Thanks for your help on this matter.

Louis Lau

Steven Carr

2013-05-27 22:56:37 UTC

Permalink

No, your disk is full (and you risk more issues than just DHCP
problems), DHCPD needs to be able to write the lease information to
disk, without that that it will not function. The DHCP failover
protocol does not take into account the resources on the local system
when assigning DHCP leases, it assumes your resources are adequate
enough for the job.

Post by Louis Lau
Dear all,
I have two DHCP servers configured as failover peer and the router relay the
DHCP/Bootp request to both server. When the system works normaly, a DHCP
discover from client will be broadcast to both server and the observed
behavour is that both server will offer an DHCP OFFER to the same client,
The primary DHCP server shall reply an IP-A managed by the Primary, and the
Secondary shall reply an IP-B that is managed by the secondary.

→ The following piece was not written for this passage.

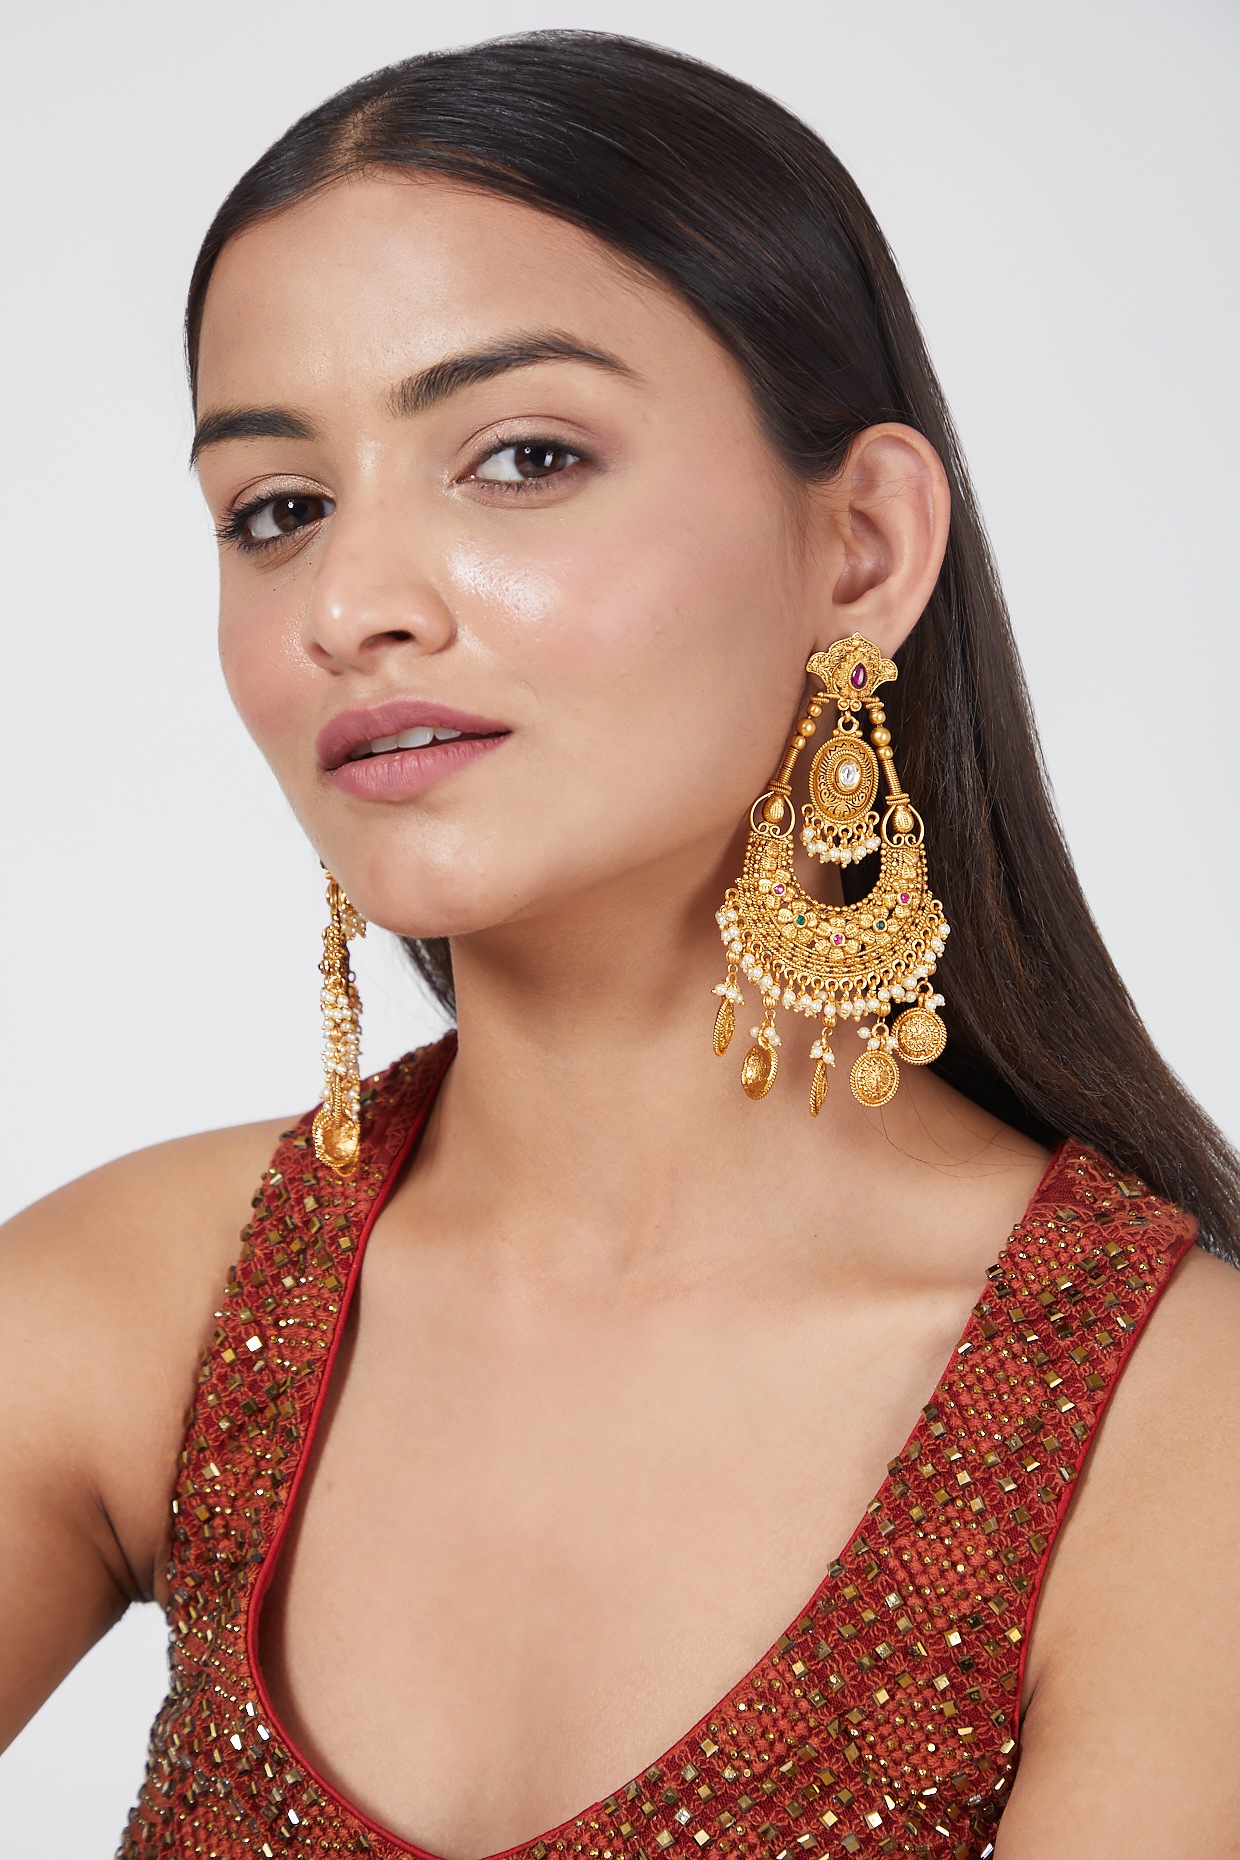 Buy 22k Solid Gold Long Earrings Chain Earrings Indian Threader Earrings-chain  Threader Dangle and Drop Earrings Gold Threader Earrings Online in India -  Etsy

Assume the
client select IP-A and send an DHCP Request for IP-A to both server.
However recently, primary server disk is full, and in the log there are a lot of
ommit_leases: unable to commit: No space left on device
We observed that the DHCP does not failover to the secondary in this case,
and the primary will still response to DHCPDISCOVER and provide a DHCP
Offer. And in this case, we observed that most client does not try the DHCP
offer from secondary but most of them choose the IP assigned from the
Primary DHCP server.
Is this behaviour normal?
Are there any configuration that can make the server fail to secondary DHCP
server for similar case or let the client try the other DHCP OFFER when the
first DHCP IP does not have a ACK?
Thanks for your help on this matter.
Louis Lau
_______________________________________________
dhcp-users mailing list
https://lists.isc.org/mailman/listinfo/dhcp-users

Doug Barton

2013-05-27 23:27:16 UTC

Permalink

I could make a pretty good argument that "My disk is full and I cannot
write leases" would be something that should trigger failover.

Doug

Post by Steven Carr
No, your disk is full (and you risk more issues than just DHCP
problems), DHCPD needs to be able to write the lease information to
disk, without that that it will not function. The DHCP failover
protocol does not take into account the resources on the local system
when assigning DHCP leases, it assumes your resources are adequate
enough for the job.

Ted Lemon

2013-05-28 01:26:17 UTC

Permalink

I could make a pretty good argument that "My disk is full and I cannot write leases" would be something that should trigger failover.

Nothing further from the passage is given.